Different Perceptions
A Short Story About That Time I Fell in Mud While Celebrating Rocco's First Successful Recall... From Rocco's Point of View

May 4th, 2021.
Glenside, Pennsylvania - 3:12 PM.
"... do you want to go outside?"
"Outside... outside... outside," repeated rapidly as I sprinted through an open field towards a fresh steak. Suddenly, my surroundings are becoming brighter and brighter. Everything turns white as I regain consciousness and realize that my mom just asked me if I wanted to go OUTSIDE!
I shot up, flung my drool across the room in an attempt to shake myself awake, and performed perfectly executed puppy yoga on my way to the door.
Okay, you caught me, it wasn't perfectly executed... nor was it yoga... in fact, my zoomies were so intense that I drifted across the grey hardwood floors and slammed into the back door, accordion-style.
The following 10 minutes were a bit of a fog - I'm almost positive that I felt a few brain cells fall out after that head vs. door situation. The next thing I know, I'm out in my HUGE backyard playing frisbee with my mom. She gets really excited when I catch it before it hits the ground... it's exhausting, but I do it to make her happy. I love seeing her smile.

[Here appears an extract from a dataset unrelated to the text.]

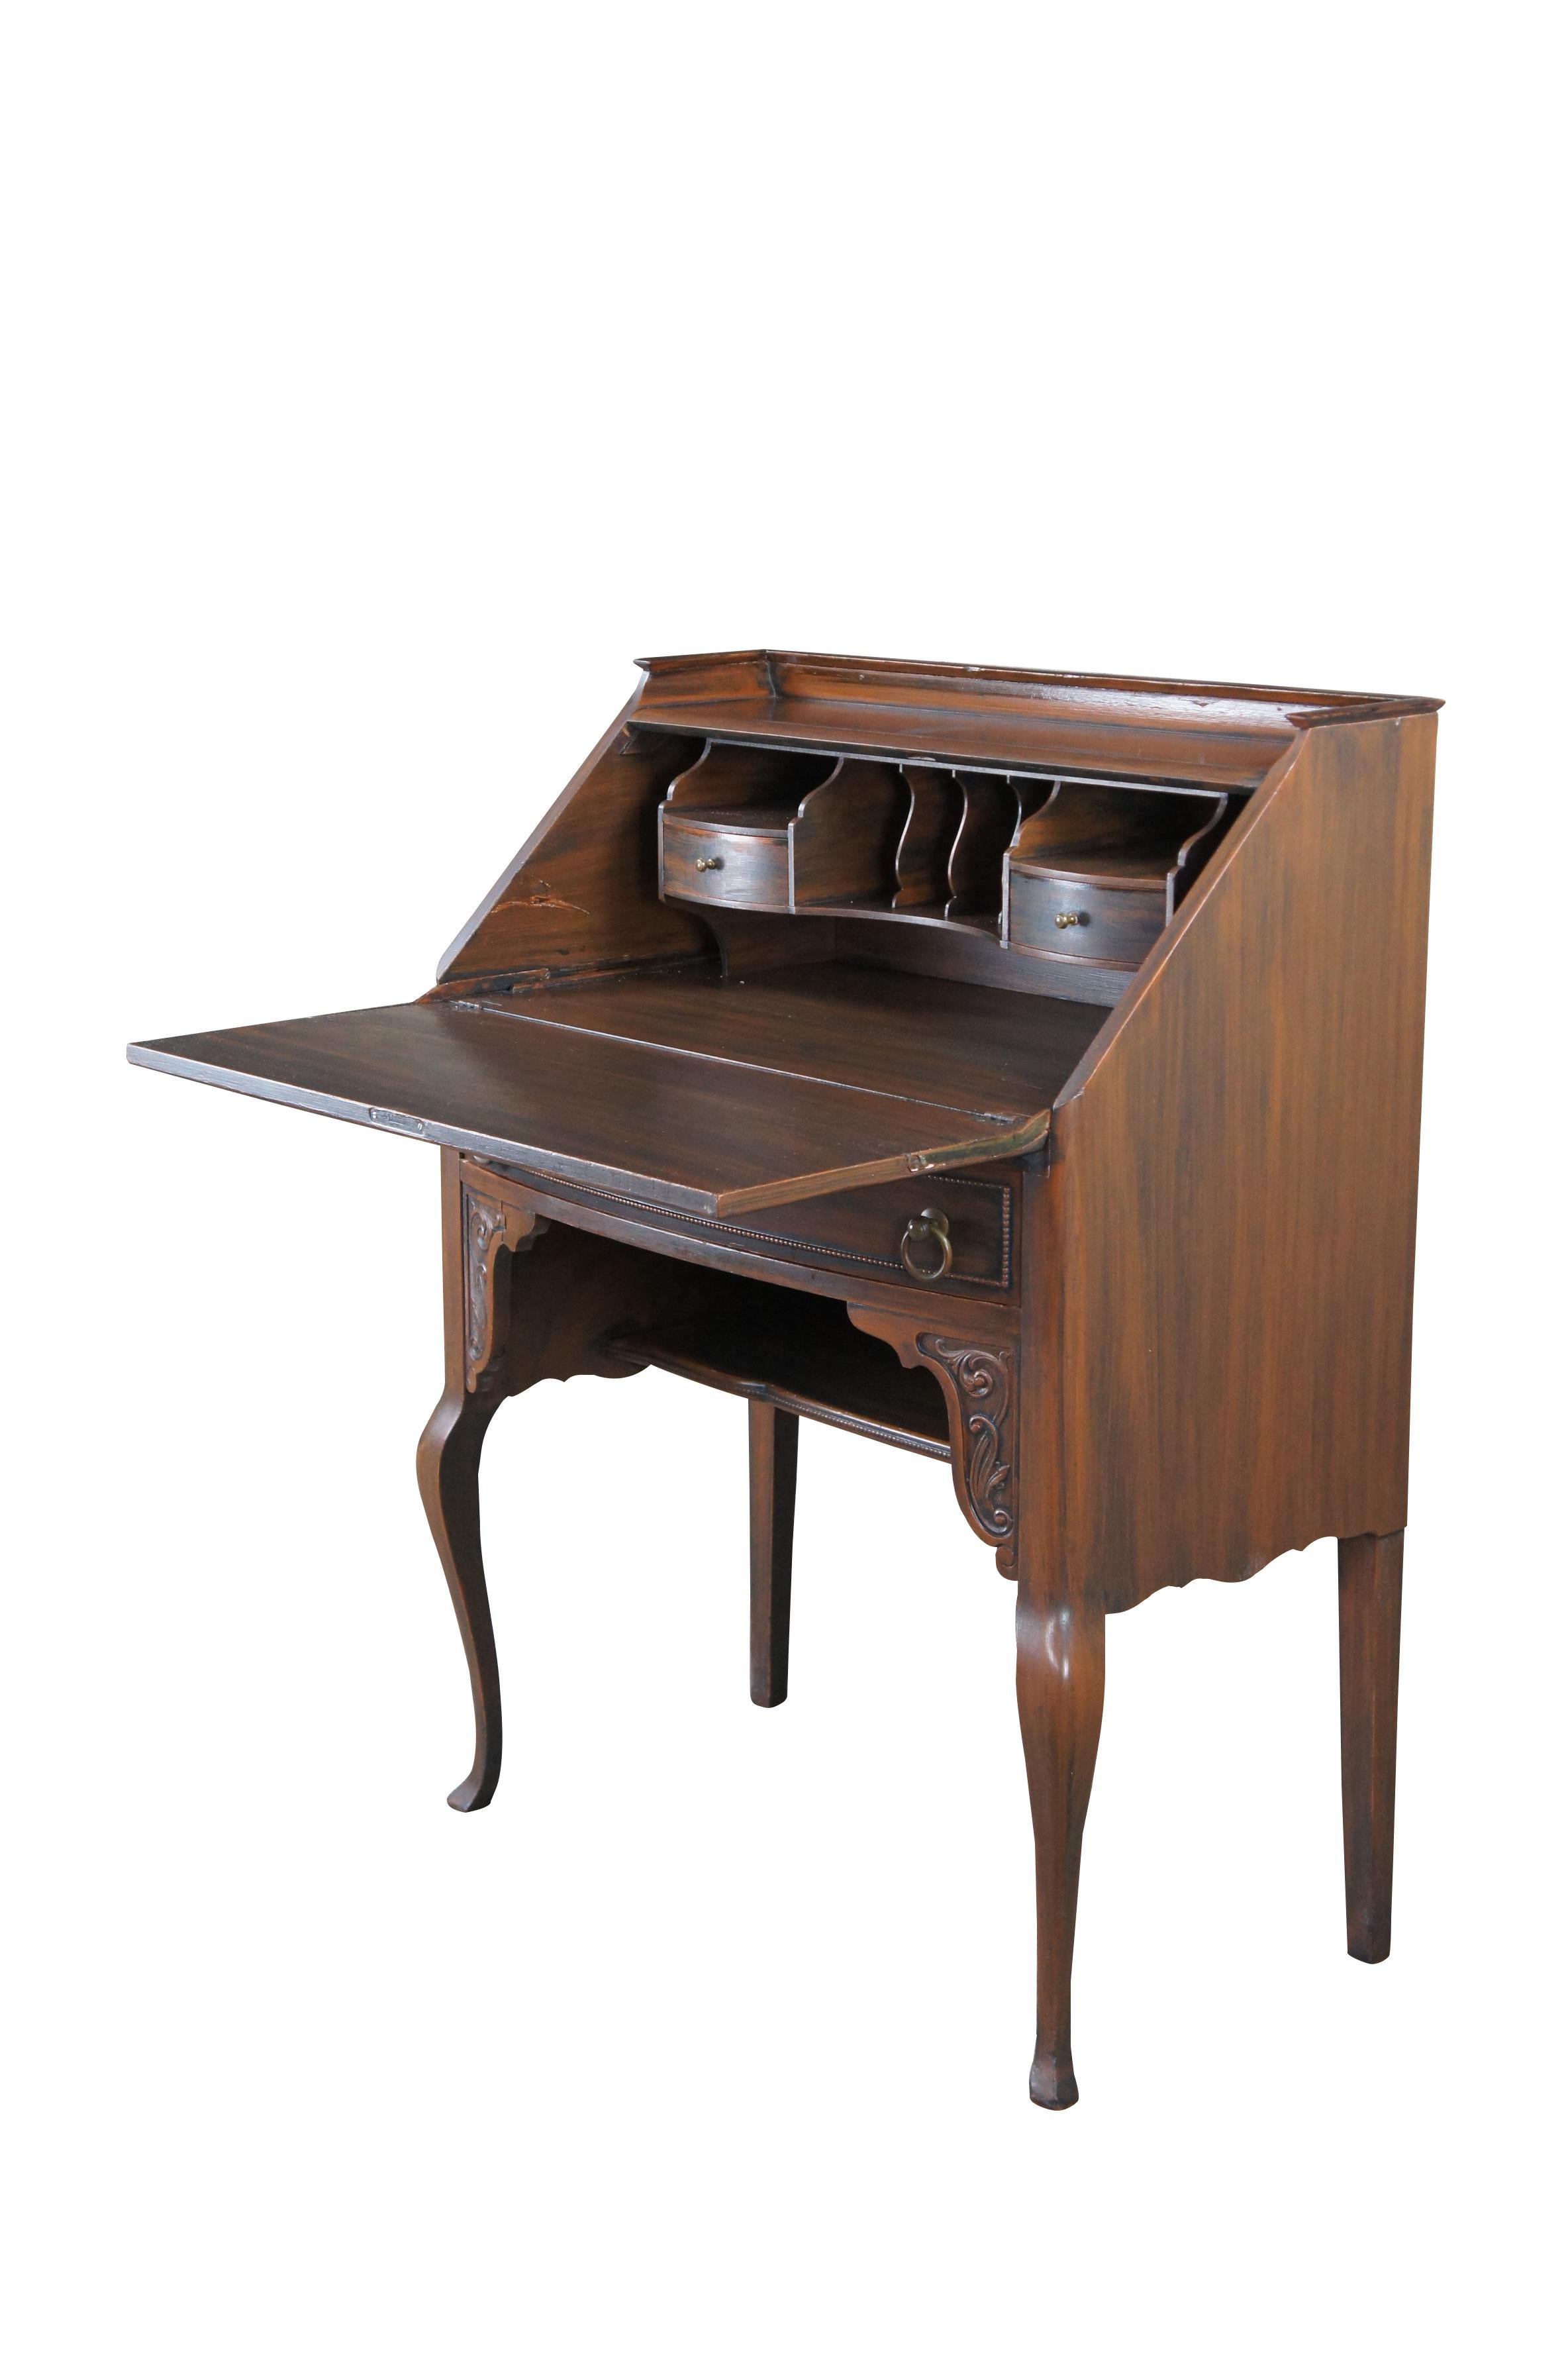 Antique Victorian Painted Grain Dragon Griffon Secretary Library Writing Desk In Good Condition For Sale In Dayton, OH

I live at this place called an 'apart mint?' I don't really know what that means, all I know is that my home looks a lot bigger on the outside than it is on the inside and I always hear ghosties in the walls which is a tad unnerving.

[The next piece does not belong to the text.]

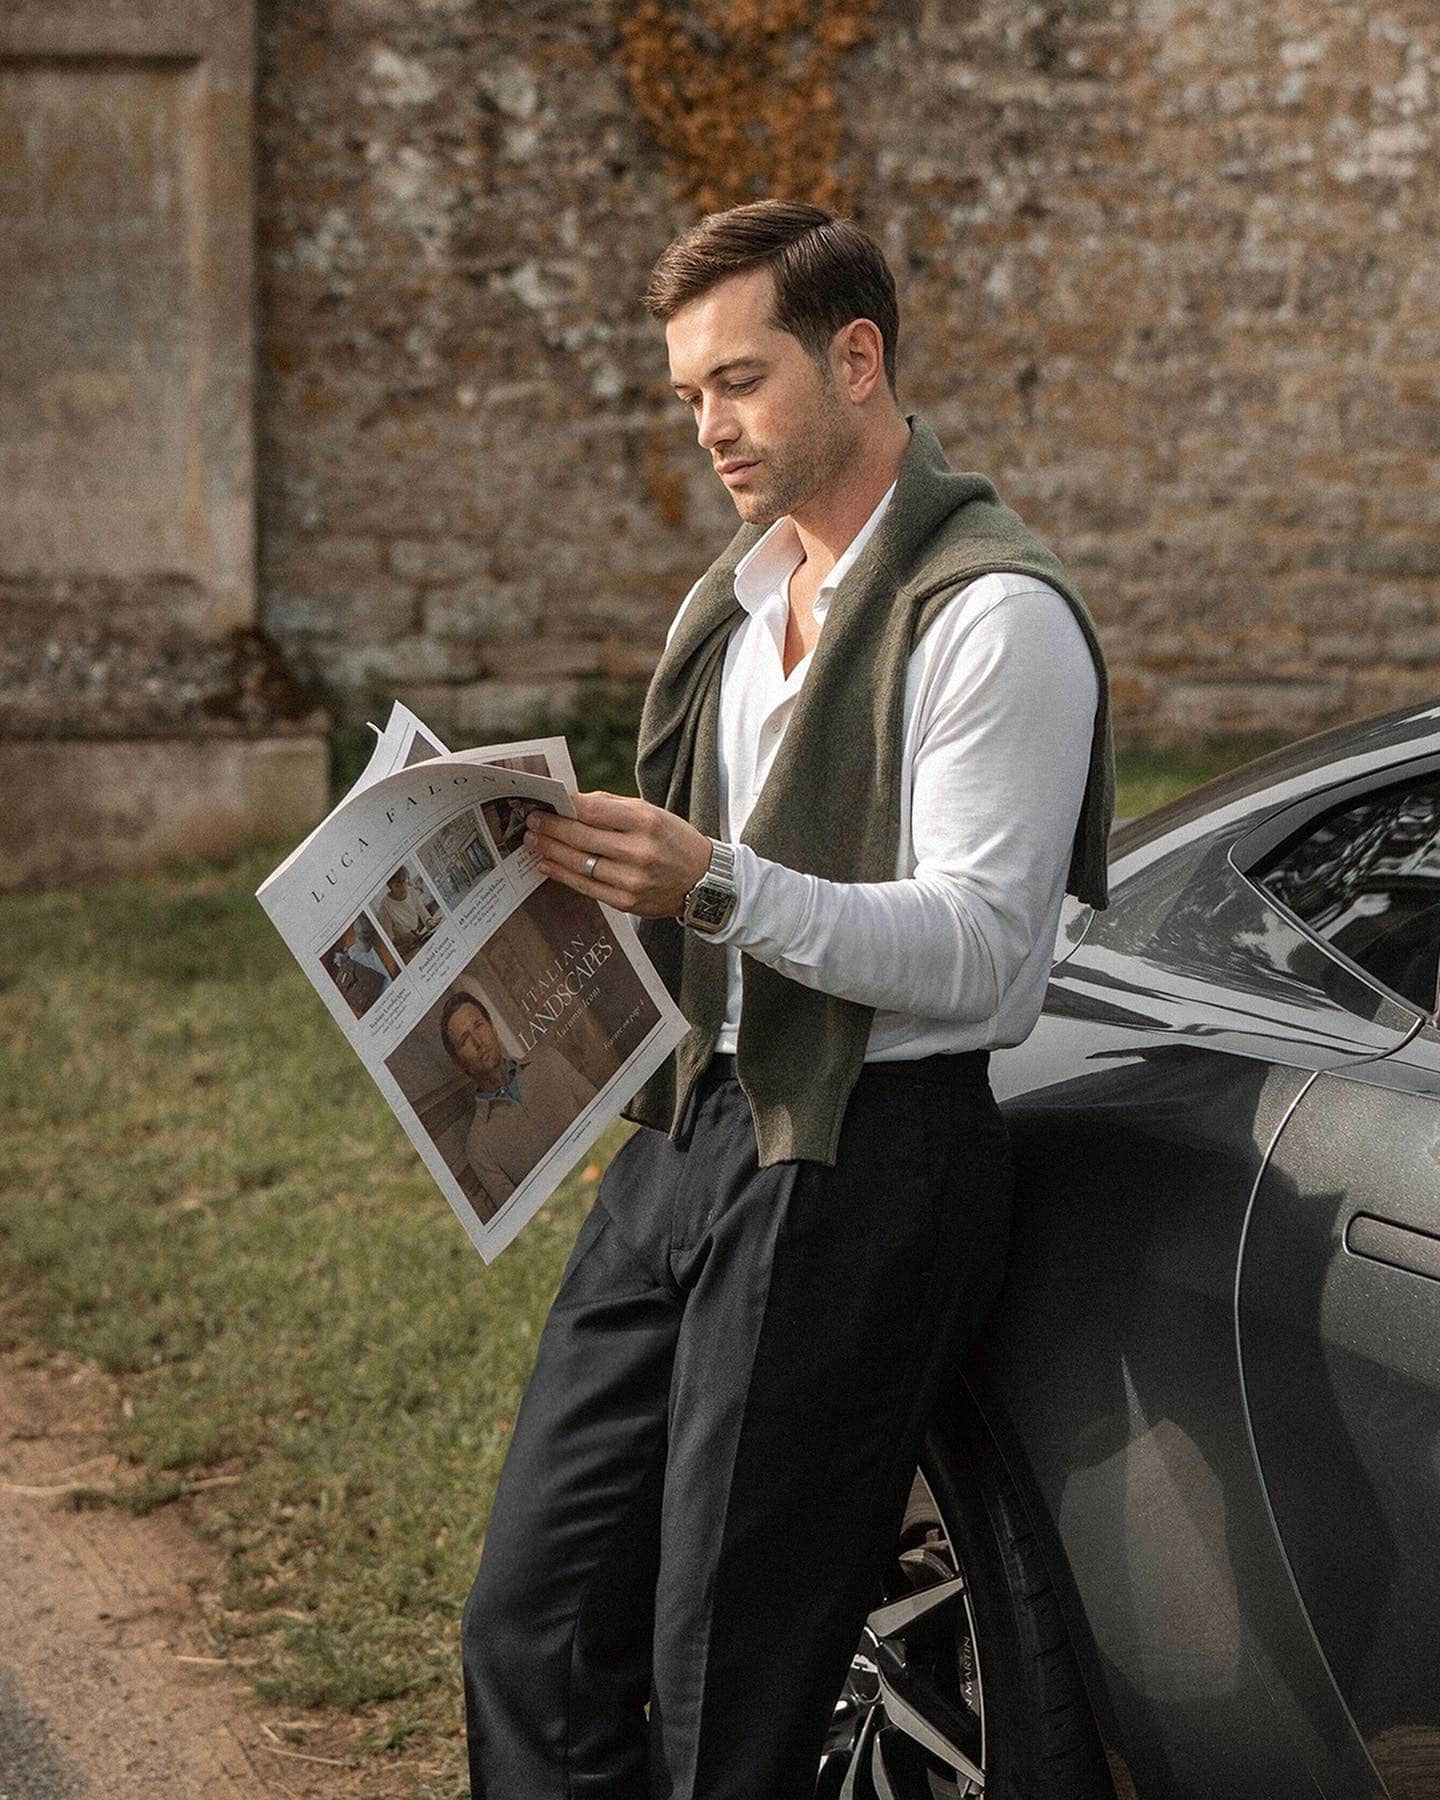 man leaning on a car while reading the papers

Sometimes, people who I have never sniffed before try to walk on my lawn. At first, I thought this was weird and did not like it, but my mom never seems worried so I came to the conclusion that they are all just unsniffed friends. When I see the furry unsniffed friends, nothing else in the world exists, except for my desire to walk in circles with a butt in my nose and a nose in my butt, followed by a game that is similar to a combination of track and WWE.

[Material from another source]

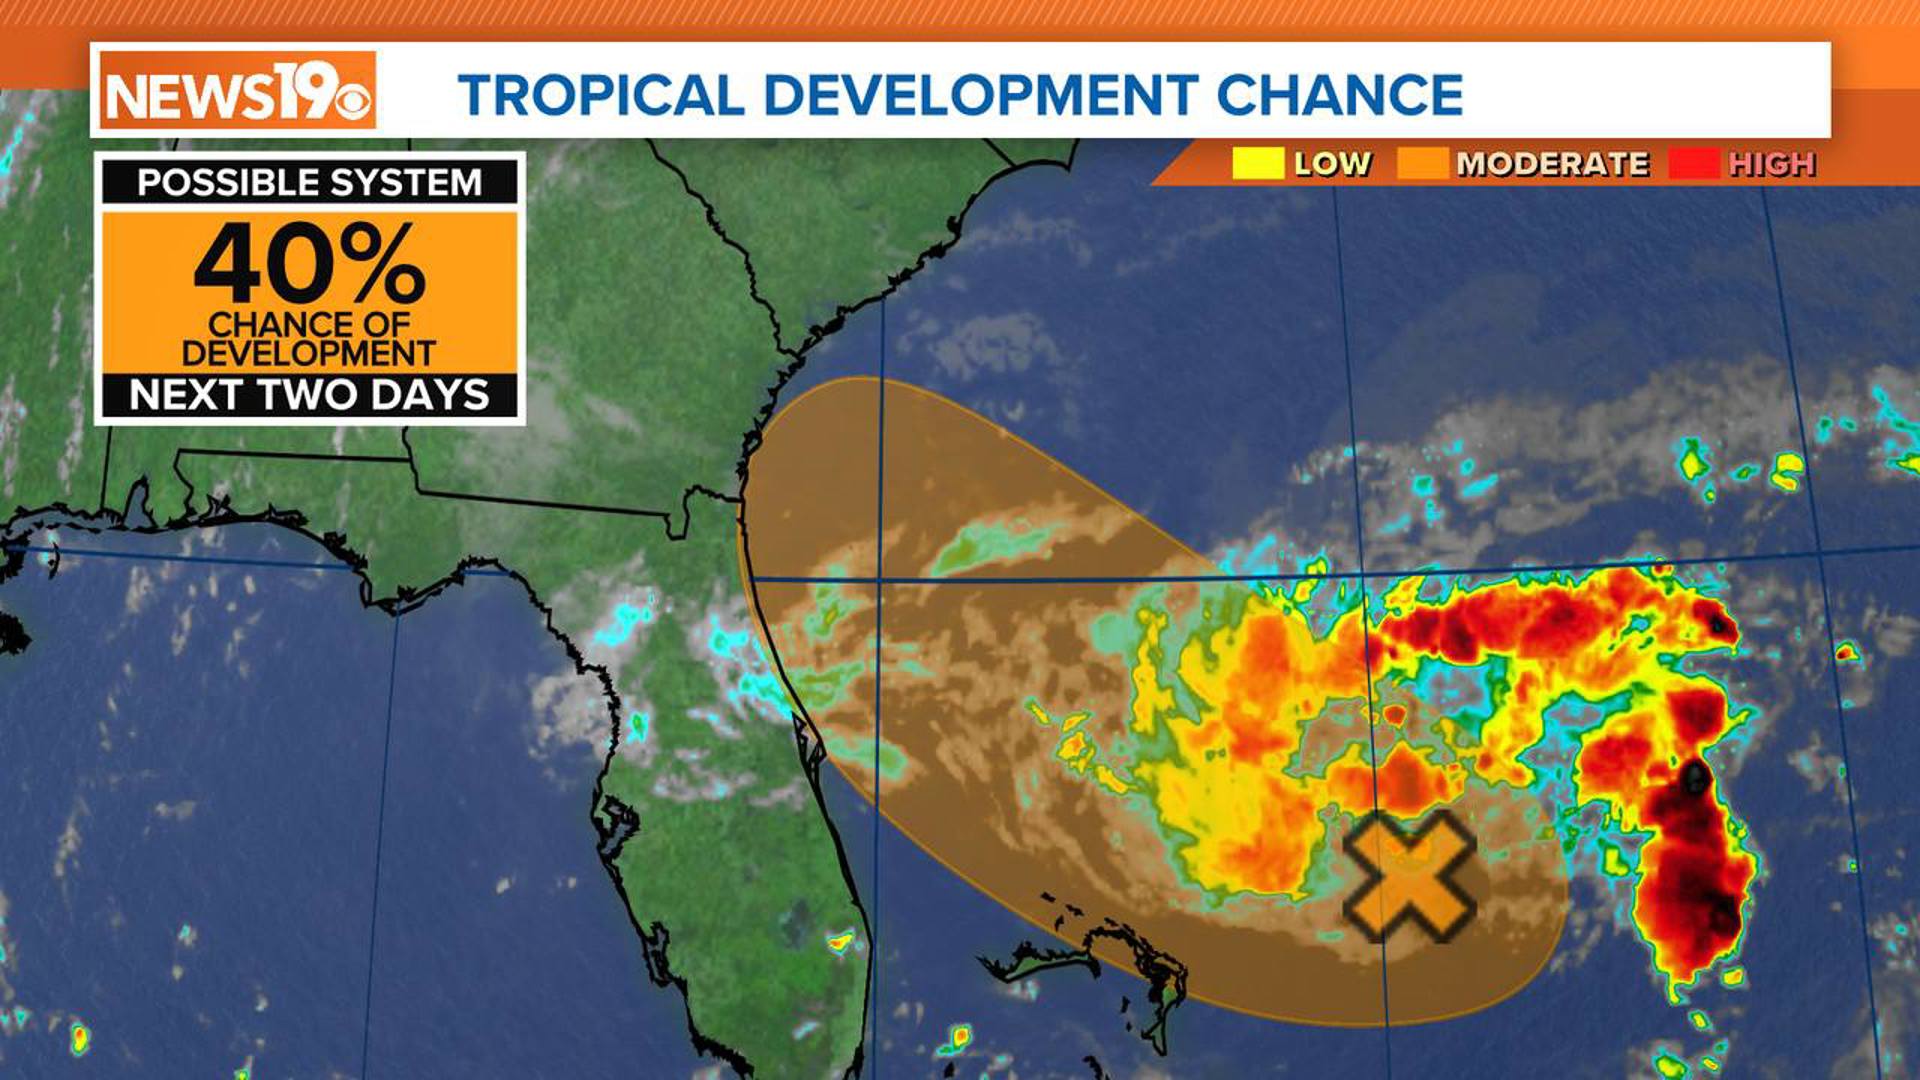 Residents along the northeastern coast of Florida and the Georgia coast are advised to watch this system closely.

My mom spends a lot of time with me every day to help me learn to be 'calm' and 'control my energy' around other floofs. I hope that you could hear the annoyance and mockery in my voice while saying that. Apparently not every floof wants someone to run full speed at them and insert their nose into their butt? I still think that's bologna.
As I was saying, on May 4th, 2021, I was sprinting after a frisbee - tongue slapping against the side of my face, full stride activated, a cloud of dust trailing behind me.
As I planted my back legs to lunge through the air and make my catch, I caught a whiff of an unsniffed friend. This broke my concentration and caused me to fumble the frisbee and trip while landing.
I then heard my mom say, "Rocco, COME!" but figured I was just hearing things after my fall and decided to shake it off, literally. I thought about going to shove my nose in that butt that I smelt to help me feel better, but I was feeling too embarassed to go near them. So, I took off to get comfort hugs from mom.
Plus, I knew if I played my cards right I'd get sympathy snacks.
Suddenly, my mom started jumping up and down and running around. The next thing I know, my hooman is pulled to the ground by a mud monster! I felt so guilty, I heard my mom call for help and I didn't come. That thought fueled my legs to run faster than they ever did before. I got to my mom in seconds and, without hesitation, jumped directly on top of her in hopes of releasing the mud monsters' grip, rubbing myself on the ground to smash up his remains. She then started rolling in the mud with me telling me that I'm a good boy and that she was proud of me.
I didn't always live with my mom. She rescued me so that I could have a better life than what I was given. Going through so many homes was stressful and sometimes I'd get insecure because I was scared I would just be sent away again if I did something wrong. I never felt like I belonged anywhere... like I had a home where I was needed.
May 4th, 2021 was the day I learned what my purpose was - to protect my hooman from anything that tries to hurt her.
May 4th, 2021 was the day I knew that I was at my furever home.
May 4th, 2021 was the best day of my life.